Além disso, os entrevistados relatam o distanciamento entre as necessidades
dos internos e o oferecido pelo aparato da justiça. O apenado muitas vezes não consegue
acompanhar o seu processo, demora meses para conseguir contato com a assessoria
jurídica, não entende os mecanismos processuais que acabam por decidir seu futuro.
Esses fatores de incerteza fomentam o descrédito na justiça, os apenados
relatam que não vêem possibilidade de justiça em seus julgamentos, não somente no
tocante a condenação, mas com o fato de não terem sido ouvidos de verdade.
Ademais, o explícito desamparo legal acarreta instabilidades emocionais,
revoltas e violência. Os apenados buscam por alguma esperança frente a tantas
incertezas do sistema, de modo que alguns casos acabam em fugas desesperadas, o mais
comum é o refúgio nas drogas e na religião.
O capítulo quatro destina-se a retratar a violência disciplinadora inserida no
cotidiano penitenciário. Sobre o objetivo disciplinado, é o paradoxo que aflora: sabe-se
que a prisão constrói a delinquência e ainda se teima em buscar o apenado
“enquadrado”, aquele sujeito modelar da obediência (des)individualizadora degradante
da subjetividade. Nesse raciocínio de desconstrução da subjetividade se busca a
transformação do preso em um cidadão ideal, dócil e produtivo.
As entrevistas testemunham o grande esforço dos apenados na busca de meios
que amenizem as aflições durante os dias na prisão. A sanidade mental dos apenados
depende da habilidade de desviar o pensamento para fora daquele ambiente. Assim,
sobrevivem na tentativa de imaginar o mundo do outro lado dos muros.
Nesse sentido, os autores esboçam a dificuldade dos apenados manterem a
saúde mental diante do aprisionamento e encerram o capítulo com a seguinte frase:
“encarar a realidade da prisão exige grande esforço mental, aprisionar o corpo é
considerado o menor dos males pela grande parte dos entrevistados frente ao flagelo
da alma”.
Assim, os autores finalizam o texto fazendo uma análise crítica do
distanciamento existente entre a pena aplicada ao condenado e a realidade da execução
penal.
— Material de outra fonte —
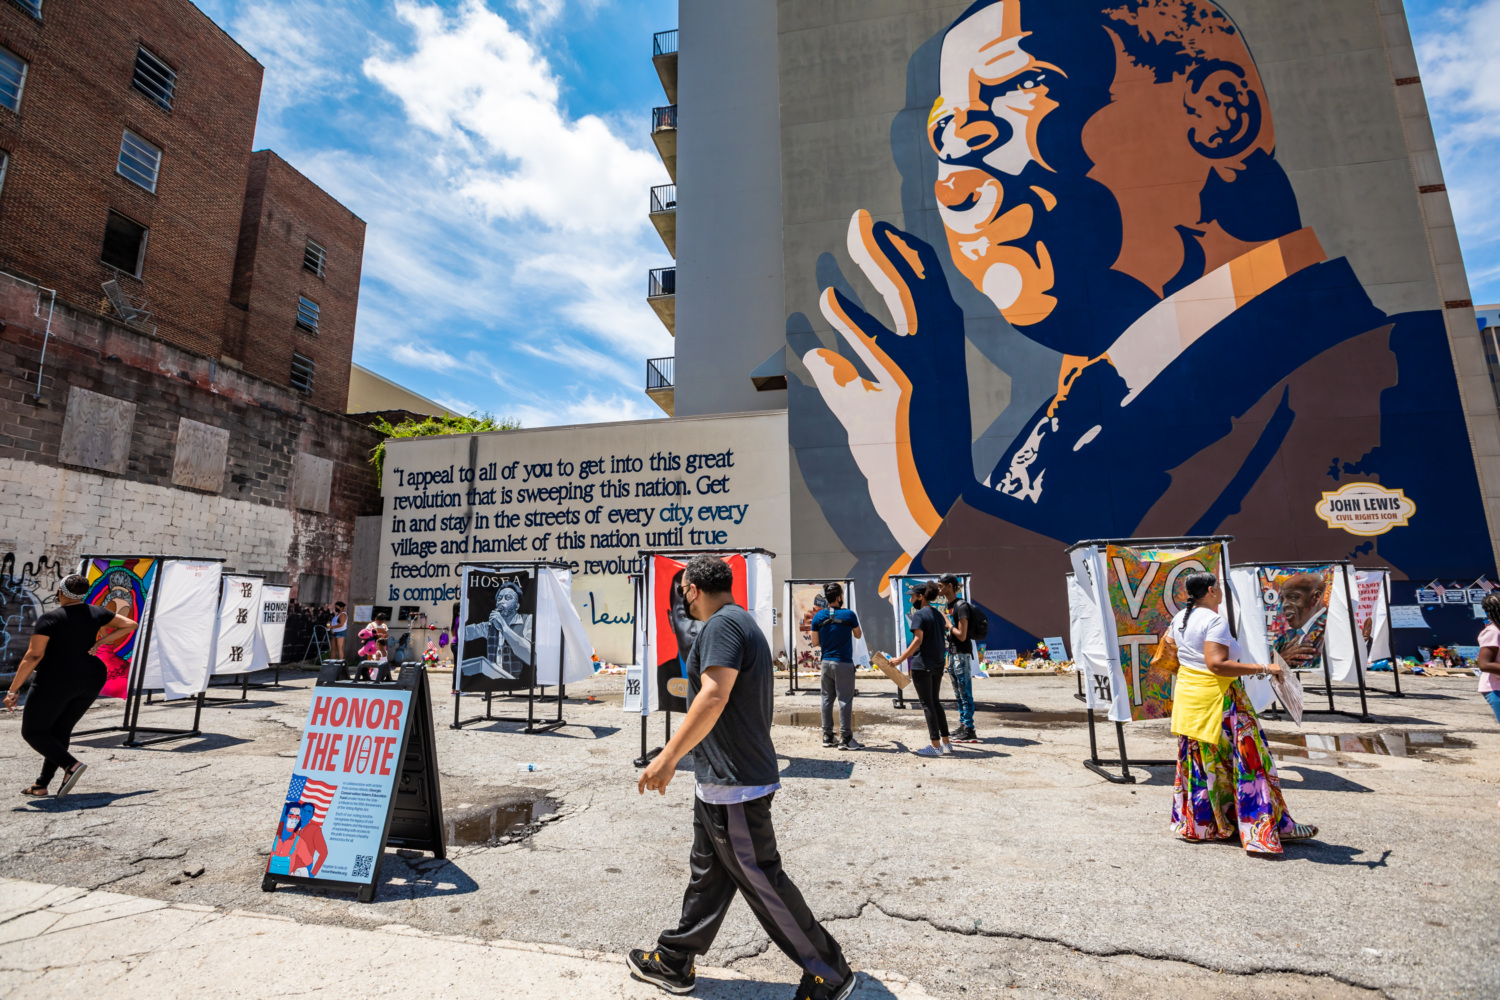 Photo of an art activation featuring voting booths each with a different mural painted onto it highlighting voting rights issues and civil rights icons. In the background there is a large mural of John Lewis.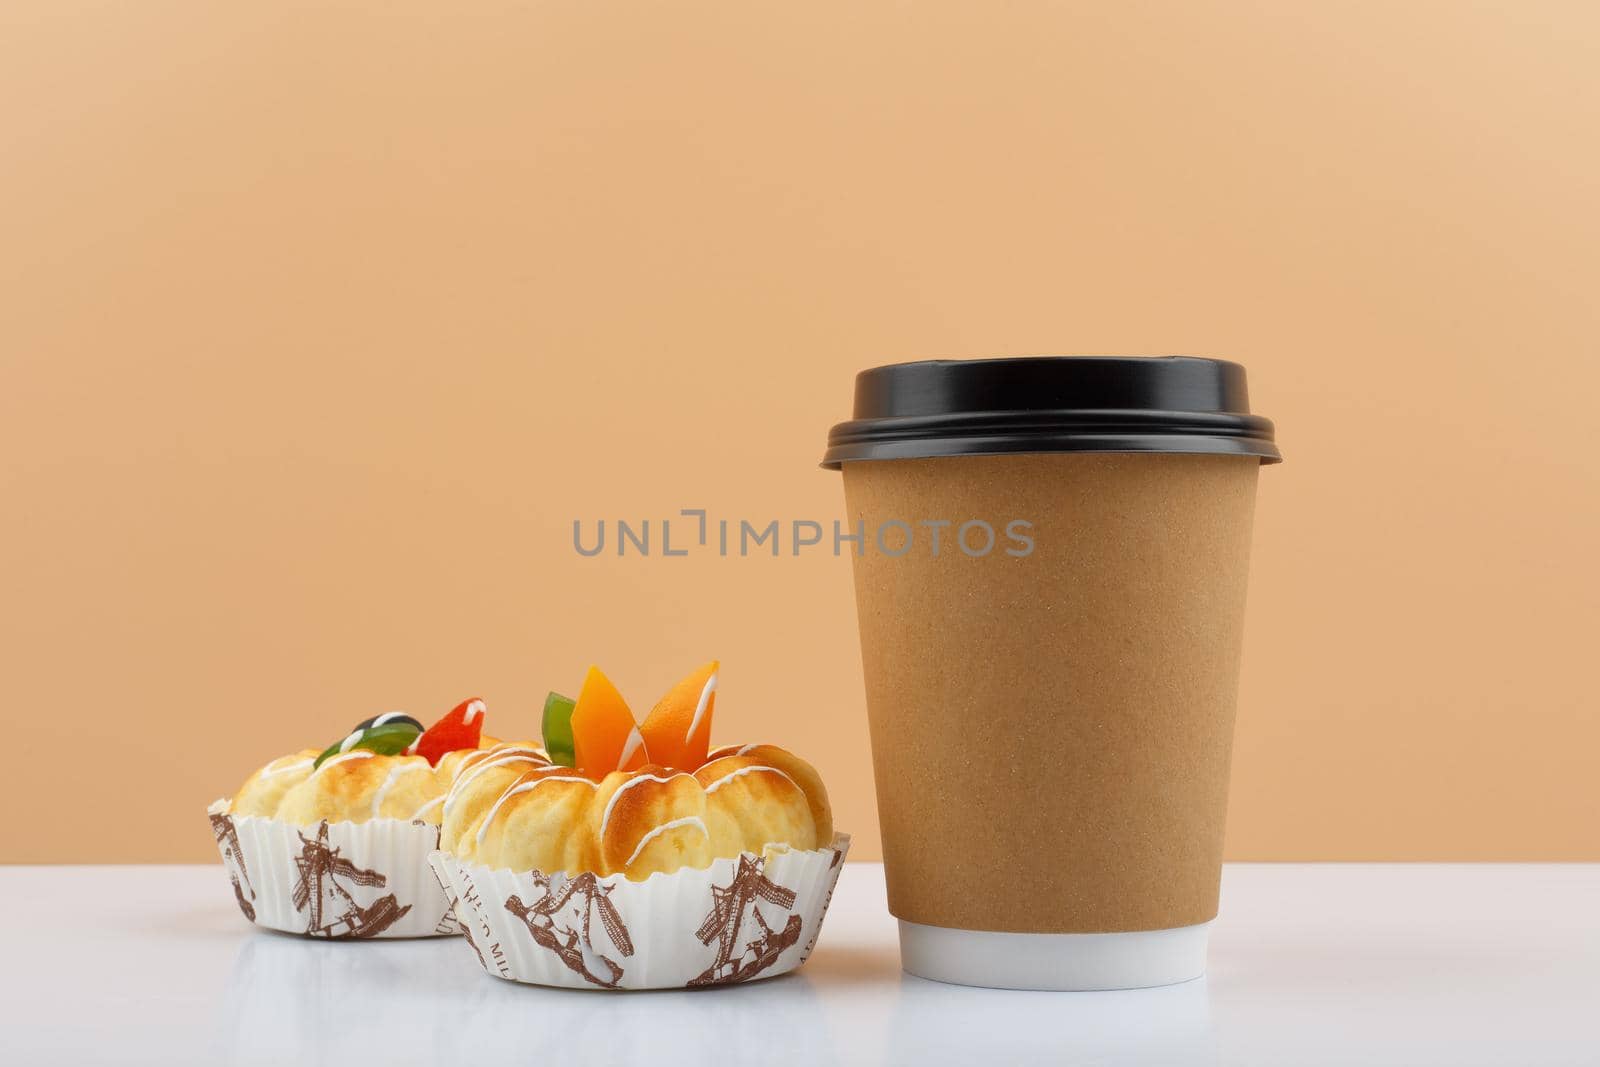 Coffee or tea in cardboard cup with pastry against beige background. Concept of hot drinks and take away food

Referem que há de se ter uma doutrina de vanguarda crítica, a qual poderá
melhorar a tensão entre os dois pontos.
Nesse contexto, os autores acreditam que a metodologia utilizada na sua
pesquisa pôde contribuir para tanto. Quer dizer, ao dar voz a quem não tem voz,
iluminando e trazendo à tona sua realidade, seus sentimentos, seu cotidiano, de forma
genuína e livre, há uma esperança em se clarificar as interfaces do poder político que
controla o corpo social – gestão das ilegalidades (FOUCAULT). Aduzem que talvez
não exista outra forma melhor de compreender o sistema prisional e os apenados que
não se inserindo no meio e tomando conhecimento total de sua realidade prática, dando
voz aos apenados e aos carcereiros, inclusive.